The spectre of a coalition government quickly became a key election battlefront, as the opening shots of a five-week campaign were fired:

  • Conservative Leader Stephen Harper painted the coalition notion as downright demonic in his first official campaign speech, accusing Liberals of harbouring secret plans of forming such a government with the NDP and Bloc Quebecois.
  • Liberal Leader Michael Ignatieff was in turn forced to categorically state he would not join a coalition, despite the fact that such governments are a legitimate feature of the democratic process.
  • NDP Leader Jack Layton muddied the waters by saying that he would be open to forming a coalition government should the need arise.

With the two main leaders treating the thought of a coalition like some form of plague, the voting public could be forgiven for having doubts about their legitimacy.

Harper has described a coalition government as undemocratic and reckless, stating that the party that gets the most votes is supposed to win.

But coalitions -- formed between two or more parties that collectively hold enough seats to form governments -- are commonly found around the world.

Britain is currently led by such a government, after a Conservative and Liberal Democrat coalition ousted Gordon Brown's Labour party in 2010. And Canada is not without its own coalition history:

  • Canada' "Great Coalition" was formed in 1864 when the Clear Grits, Parti Bleu and the Conservative Party joined together.
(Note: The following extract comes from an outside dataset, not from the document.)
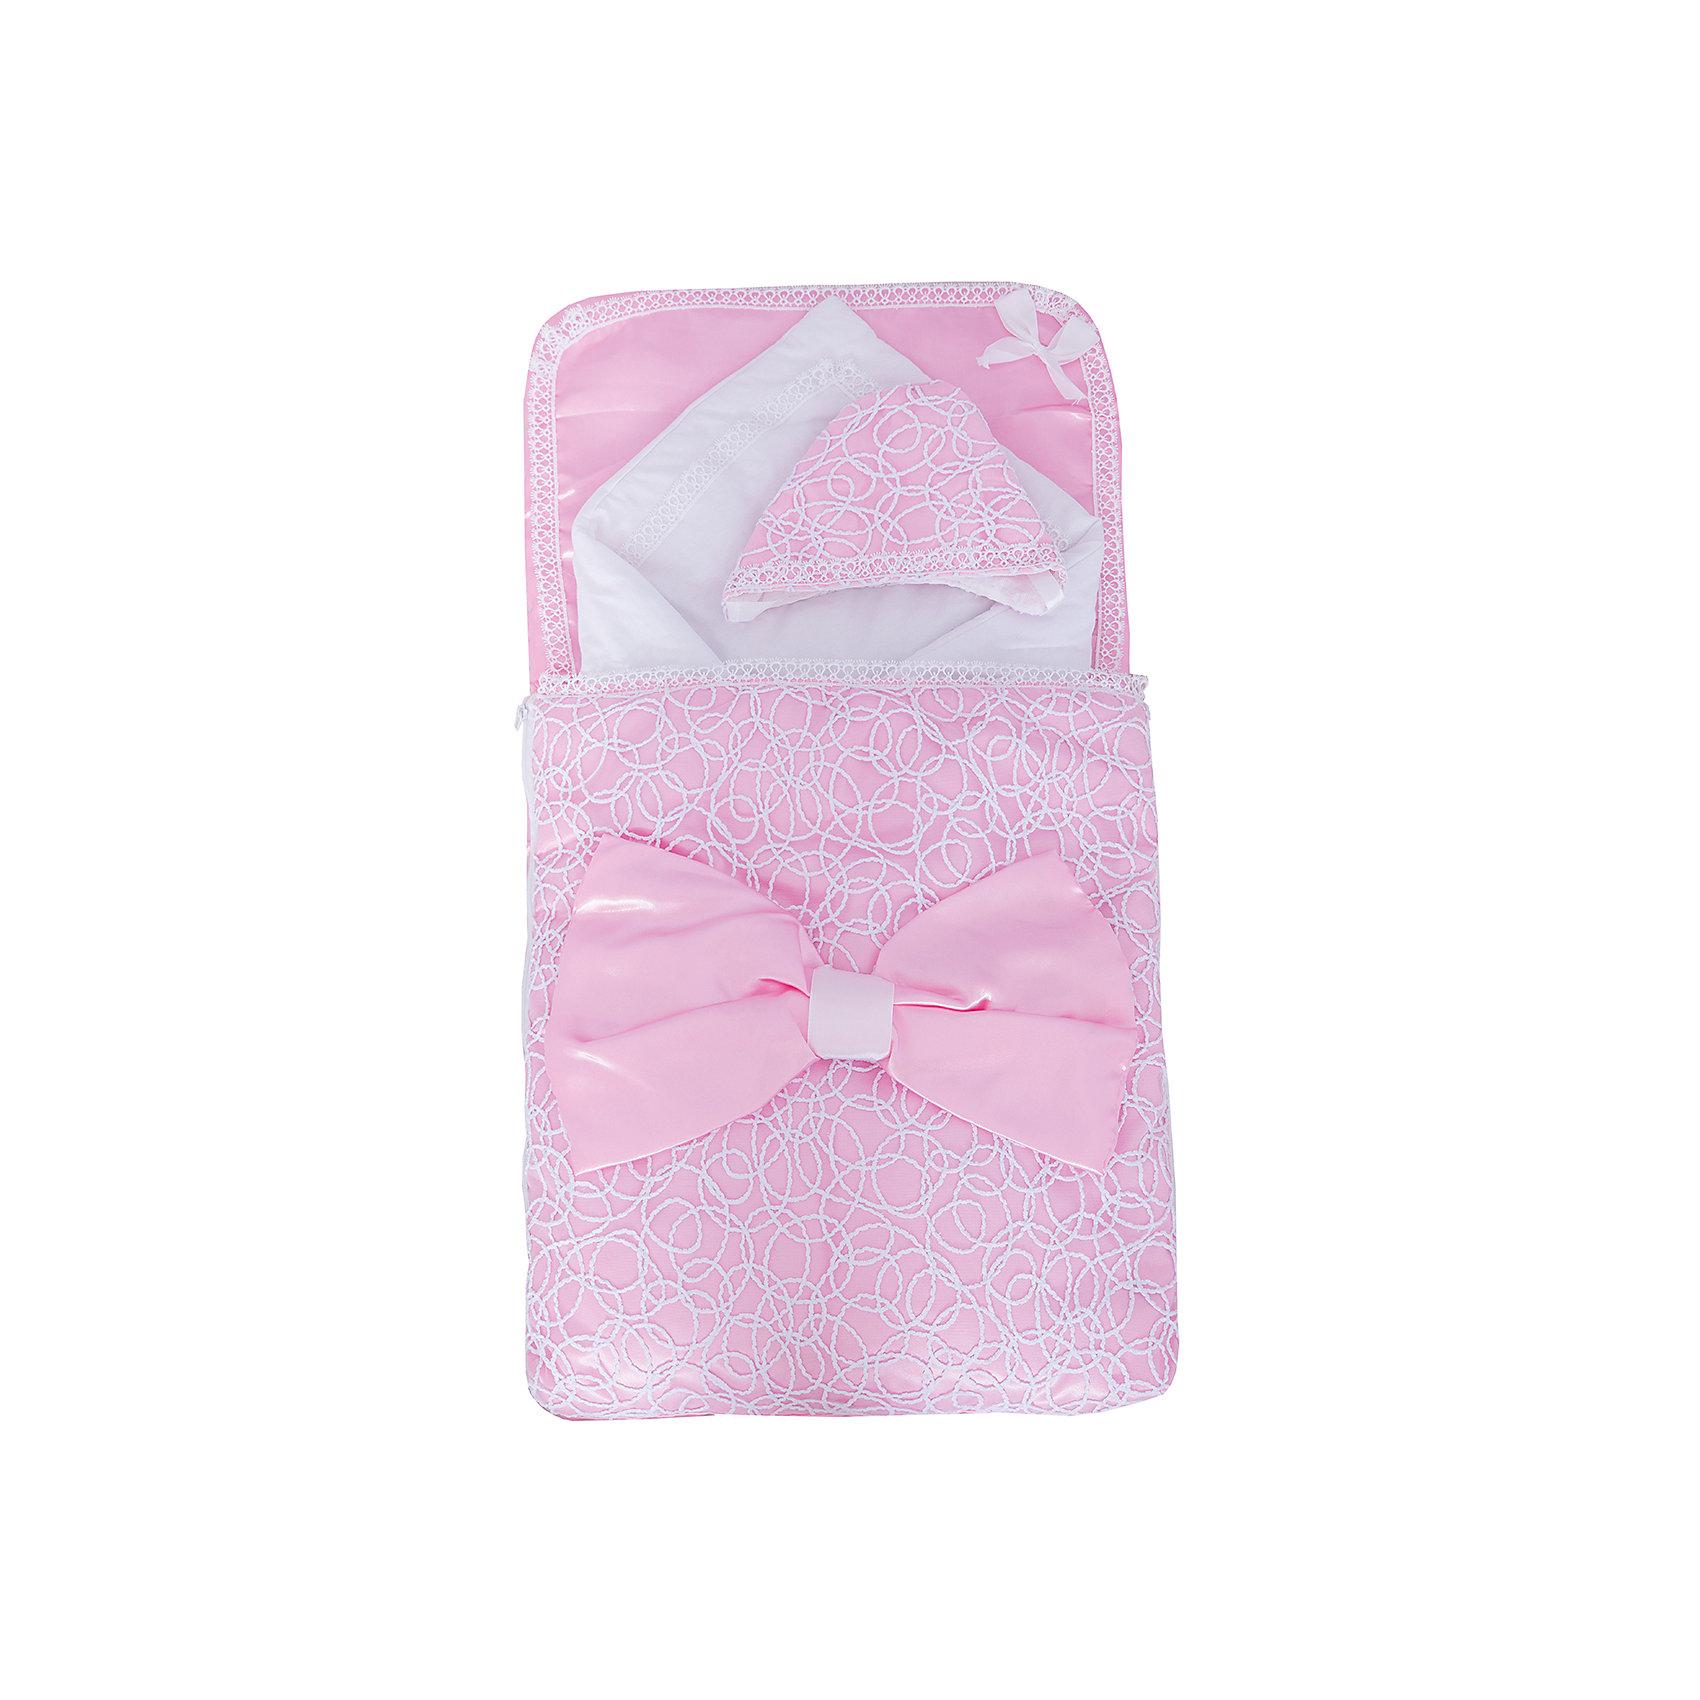 Комплект на выписку 3 пред. АЖУР, Арго, розовыйКонверты на выписку<br>Момент выписки мамы с ребенком из роддома - один из самых трогательных. Сделать его более торжественным поможет красивый комплект для выписки. Он состоит из трех предметов: два одеяла и нарядная шапочка.<br>Одно одеяло сшито из красивого атласа, на мягкой хлопчатобумажной подкладке. Оно декорировано ажурной органзой и декоративным бантом. Второе одеяло - из хлопкового трикотажа. Материалы подобраны специально для новорожденных. Они гипоаллергенны, пропускают воздух, не вызывают раздражения.<br><br>Дополнительная информация:<br><br>цвет: розовый;<br>материал: атлас, ажурная органза, трикотаж - 100% хлопок;<br>комплектация: 2 одеяла, шапочка;<br>размеры одеял: 45х80 и 90х90 см;<br>возраст: 0-6 месяцев.<br><br>Комплект на выписку 3 пред. АЖУР, розовый, от компании Арго можно купить в нашем магазине.<br><br>Ширина мм: 900<br>Глубина мм: 500<br>Высота мм: 150<br>Вес г: 500<br>Возраст от месяцев: 0<br>Возраст до месяцев: 6<br>Пол: Унисекс<br>Возраст: Детский<br>SKU: 4720103

The coalition government led to the creation of the Dominion of Canada.
  • In 1917, Conservative Prime Minister Robert Borden recruited members of the Liberal Party to create a Unionist government, which held until the end of the First World War.
  • Canada's most recent coalition came in 1999, when the Saskatchewan Liberal Party joined Roy Romanow's NDP government.
  • Canada's current coalition debate stems from 2008, when former Liberal Leader Stephane Dion and NDP Leader Jack Layton agreed to form a coalition, with the support of Bloc Quebecois Leader Gilles Duceppe.
  • As the Leader of the Opposition in 2004, Harper wrote to the Governor General that he had been in close consultation with Layton and Duceppe. His letter suggested he was ready to form an alternative government with NDP and Bloc support.